Но она уже отвернулась, и сердитые острия ее лопаток преградили путь моей ласковой руке.
— Твой босс, — сказала она, — хочет познакомиться со мной?
— Он любит молодежь. Сам в подростка превращается.
— Эта сука Грейс зовет нас к себе? Зачем? Снова надо мной посмеяться?
— Да ты что? Грейс тебя любит!
— Наверняка хочет, чтоб я была ей младшей сестренкой. Нет уж, Лен, спасибо.
— Она правда тебя любит, Юнис. Хочет подыскать тебе работу в Рознице. Говорила, что ее соседка по принстонской общаге, может, знает про стажировки в «Падме». — Трижды, когда мы кратко, по касательной затрагивали будущую работу Юнис и ее участие в оплате растущего счета за кондиционер ($ 8230 в долларах, только за июнь), она упоминала работу в Рознице. Как и все ее элдербёрдские подруги. Ну еще бы. Кредит для мальчиков, Розница для девочек.

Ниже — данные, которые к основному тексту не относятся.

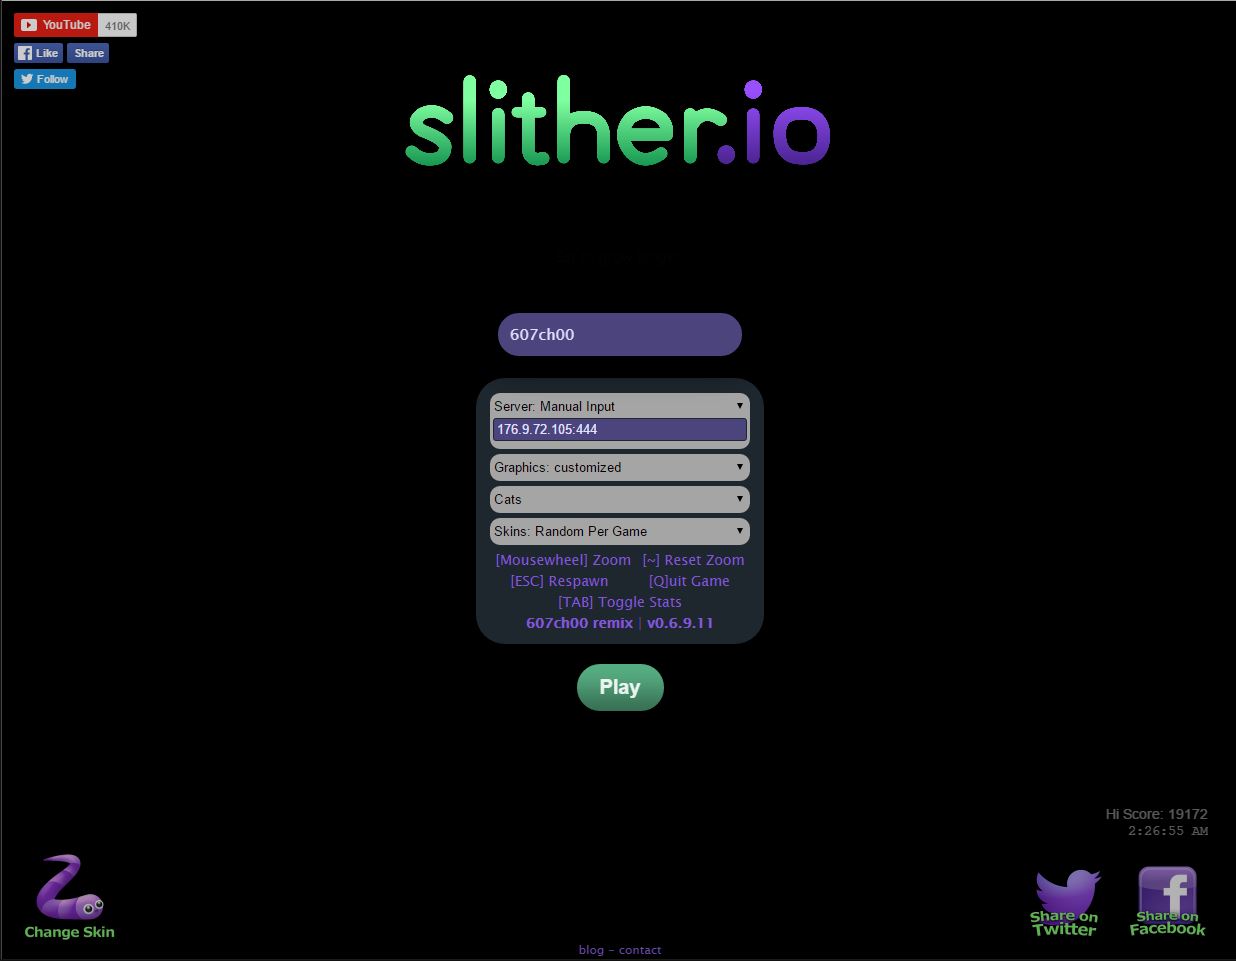 Slither.io - 607ch00 remix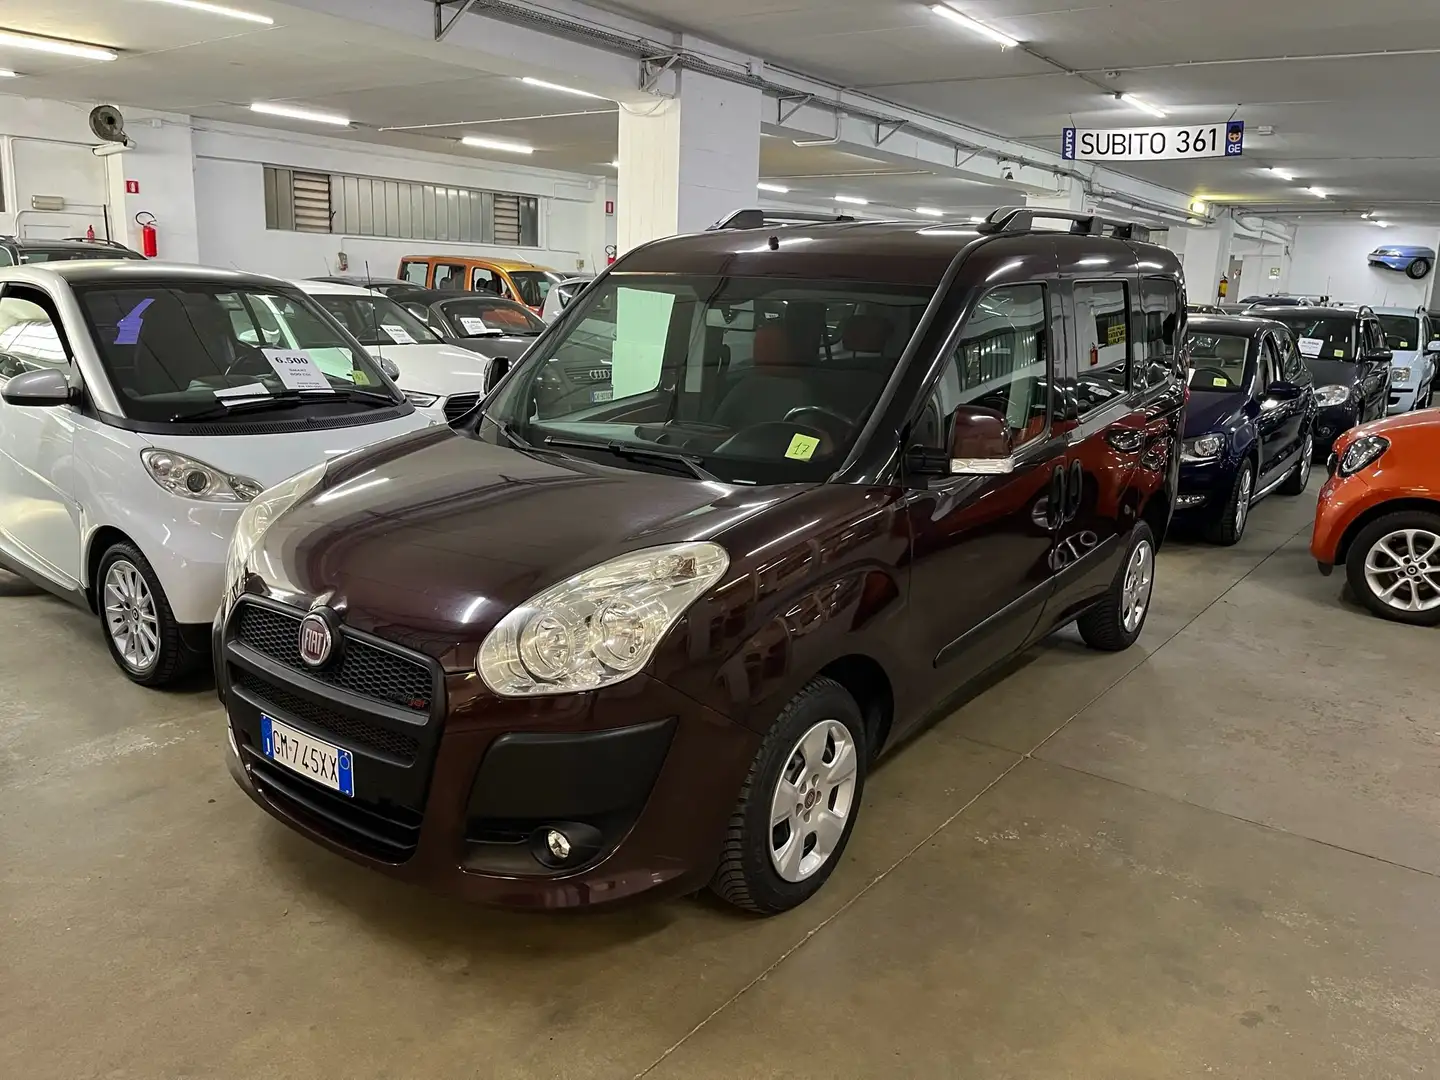 usato Fiat Doblo Station wagon a Genova - GE per € 9.300,-

— Ты не понимаешь, Леонард.
Больше всего на свете ненавижу эту фразу. Я понимаю. Не все, но многое. А о том, чего не понимаю, хочу узнать больше. Если б Юнис попросила, я бы на работе взял целую неделю отпуска, сослался бы на семейные обстоятельства (и, собственно, не соврал бы) и слушал ее рассказы. Поставил бы между нами коробку бумажных салфеток и тарелку благостного мисо, вынул бы эппэрэт, все бы записал, вычислил, где болит, внес разумные предложения, исходя из собственного опыта, стал бы великим специалистом по Пакам.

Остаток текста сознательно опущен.